Figure 3. Identifying unannotated islet-active transcription start sites (TSSs)

(A) Candidate islet-active TSS for the primary transcript of the ubiquitous let-7a-1/7d/7f-1 microRNA cluster. The TSS (red box; DHS+, H3K4me3+, H3K4me1-) is ~10kb upstream of the 5’-most microRNA in the cluster, and the full-length primary transcript (H3K79me2+) of ~35kb matches a known EST (BSG326593). This EST likely represents a non-coding RNA primary transcript from which the let-7 cluster of miRNAs are processed (Marson et al., 2008). The strategy for predicting TSSs is shown in Figure S3A. (B) Two candidate islet-active alternative TSSs (red boxes) for the gene PAM, which encodes an islet secretory granule membrane protein. One of the candidate TSSs is also islet-unique and occurs between the annotated TSS and an un-annotated islet-active TSS. Examples of confounding factors for predicting islet-active TSSs are shown in Figure S4.

Figure 4. Profiling of binding sites for the CCCTC-binding factor (CTCF)

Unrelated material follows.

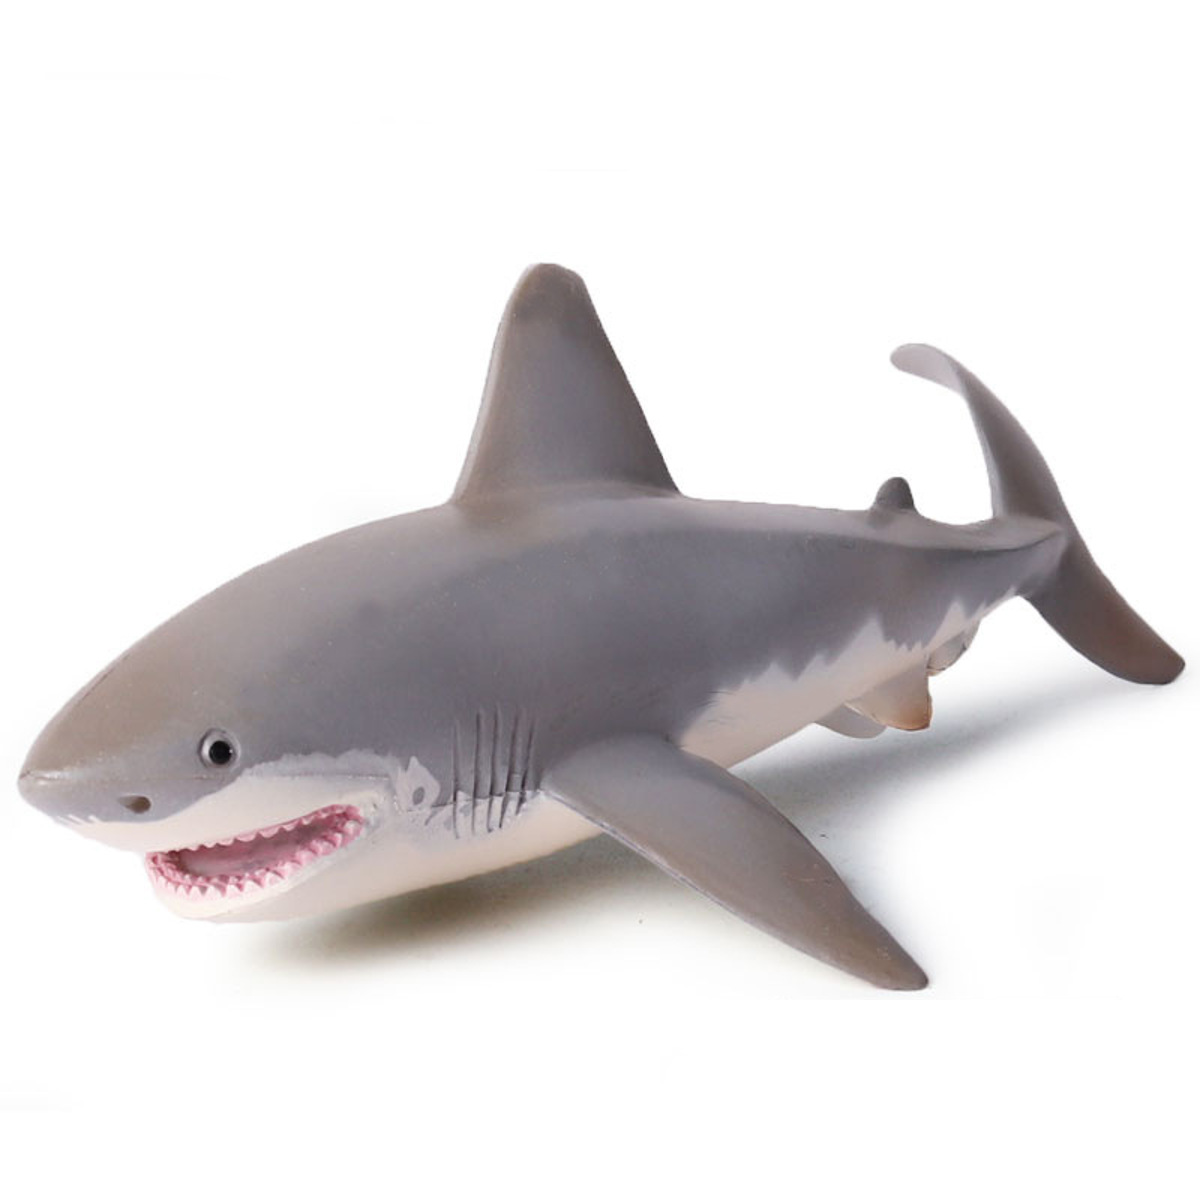 

ПВХ Белая акула Модели Игрушки Ocean Sea Sealife Животная фигура Дети Дети Подарок

(A) Distribution of CTCF peaks across five genomic annotation sets as described in Figure 1A. (B) Average length (orange) and intensity (green) of CTCF peaks across five genomic annotation sets is fairly uniform. Error bars represent s.d. (C) Motif determined by MEME (Bailey and Elkan, 1994) using the top 10% of CTCF peaks. (D) Comparison of islet CTCF peaks with peaks from 5 different cell types. Each data point represents the fraction of total peaks (n=21,304) unique to the human islet relative to each of the other 5 human cell types or all of them combined (Union of all 5). Less than 1% of the peaks are unique to the islet (n=123). Varying levels of similarity across cell types may be at least partially explained by differences in the stage of cellular differentiation and/or sequencing depth. (E) Positioning of CTCF peaks relative to the center of overlapping DHS peaks (red line). Almost all CTCF peaks that overlap DHS peaks are within 200 bp of the DHS peak center.

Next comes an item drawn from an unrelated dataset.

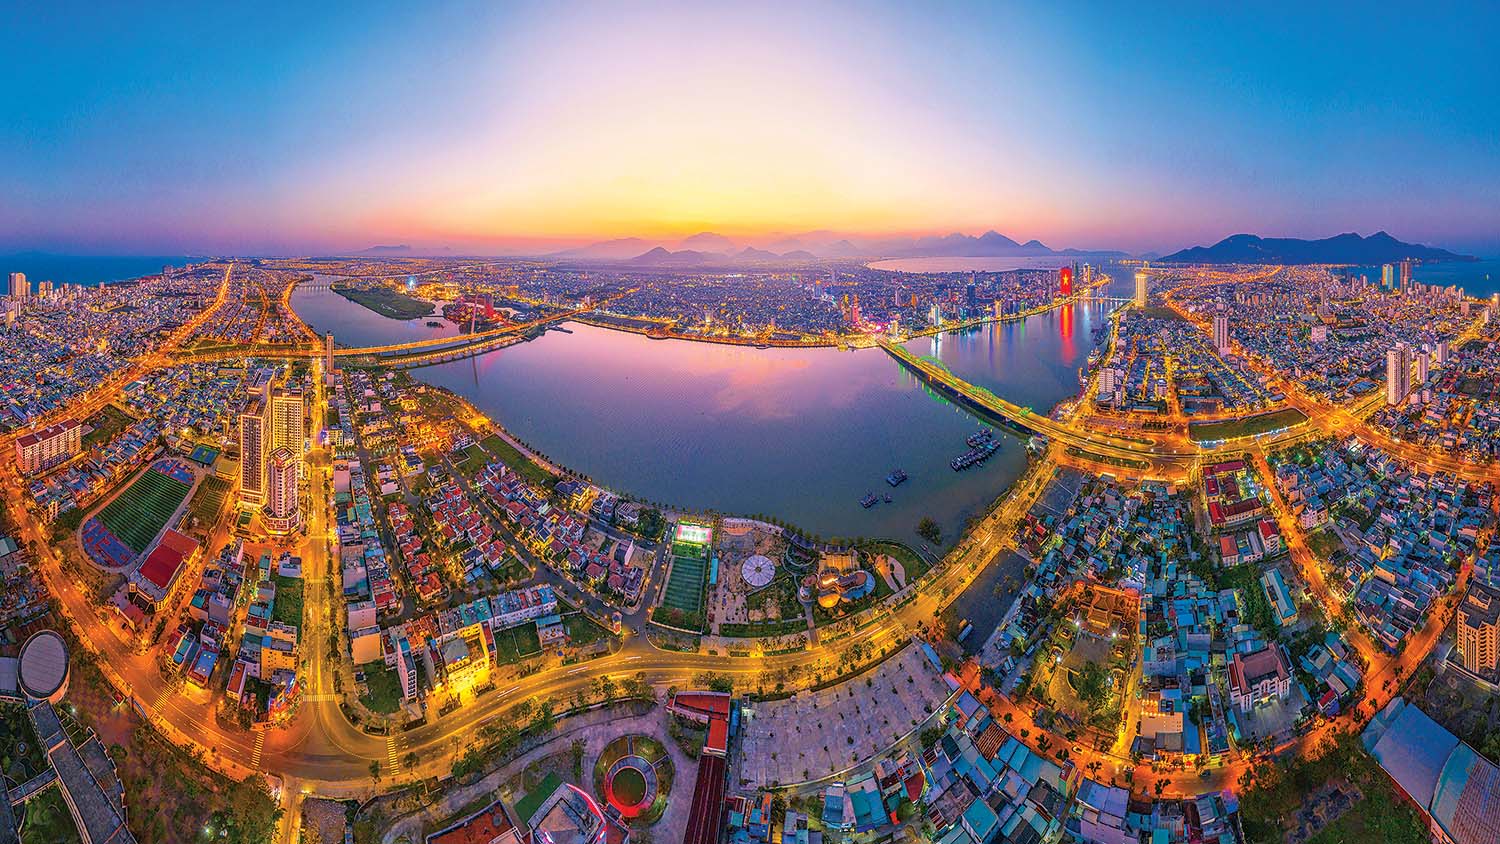 chuyển đổi số góp phần giúp Đà Nẵng trở thành đô thị sinh thái, hiện đại, đáng sống

Figure 5. Representation analysis of histone H3 lysine 4 monomethylation in candidate regulatory regions

DNase I hypersensitive site (DHS) and Formaldehyde Assisted Isolation of Regulatory Element (FAIRE) peaks at RefSeq TSSs (t-DHS and t-FAIRE, respective) are significantly depleted for H3K4me1 signal (** two-tailed paired Student's t-test p-value < 0.005) and DHS peaks at distal, candidate regulatory elements (d-DHS) are enriched for H3K4me1 signal (* two-tailed paired Student's t-test p-value < 0.01). Error bars represent s.d. among three islet samples. FAIRE data was obtained from Gaulton et al. (2010). Representation analysis of additional histone modifications is shown in Figure S5.

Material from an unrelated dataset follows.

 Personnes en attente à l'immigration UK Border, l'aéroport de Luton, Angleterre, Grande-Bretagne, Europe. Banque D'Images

Figure 6. Luciferase reporter activity validates putative enhancer elements

(A) Relative luciferase activity of constructs in 3 element classes tested in MIN6 cells. Genomic locations of elements are found in Table S13. Blue and orange dashed lines indicate 2.33 standard deviations (p=0.01) (Heintzman et al., 2009) above the median activity of tested CTCF-bound regions for elements cloned in the forward or reverse orientations, respectively. Data represent the mean ± s.d. of 3 replicates each for 2 separate clones (6 total measurements). C=d-DHS+/CTCF+ element. N=d-DHS-/CTCF-. P=d-DHS+/CTCF- element. # marks elements containing T2D-associated SNPs. Numbers above the bars indicate the luciferase activity for elements beyond the scale of the y axis; a.u. denotes arbitrary units. (B) Relative luciferase activity of constructs in 3 element classes tested in HeLa cells. Data are analyzed and annotated as in (A); a.u.=arbitrary units. (C) H3K4me1 representation in the 12 elements exhibiting enhancer activity. Though the overall average enrichment of H3K4me1 is ~1.3 fold (green line), only 3/12 elements are above baseline (red line). Error bars represent s.d. among three islet samples. (D) Relative luciferase activity of TCF7L2 (P12) and WFS1 (P17) elements in MIN6 (left panels) or HeLa (right panels) cells containing the risk or non-risk alleles of T2D-associated SNPs. For TCF7L2, (m) denotes a mutation generated by site-directed mutagenesis from the risk to non-risk allele. Data represent the mean ± s.d. of 3 replicates each from at least 2 independent clones. **= 2-tailed unpaired Student's t-test p<0.01 a.u.=arbitrary units. Additional allelic analysis is shown in Figure S6.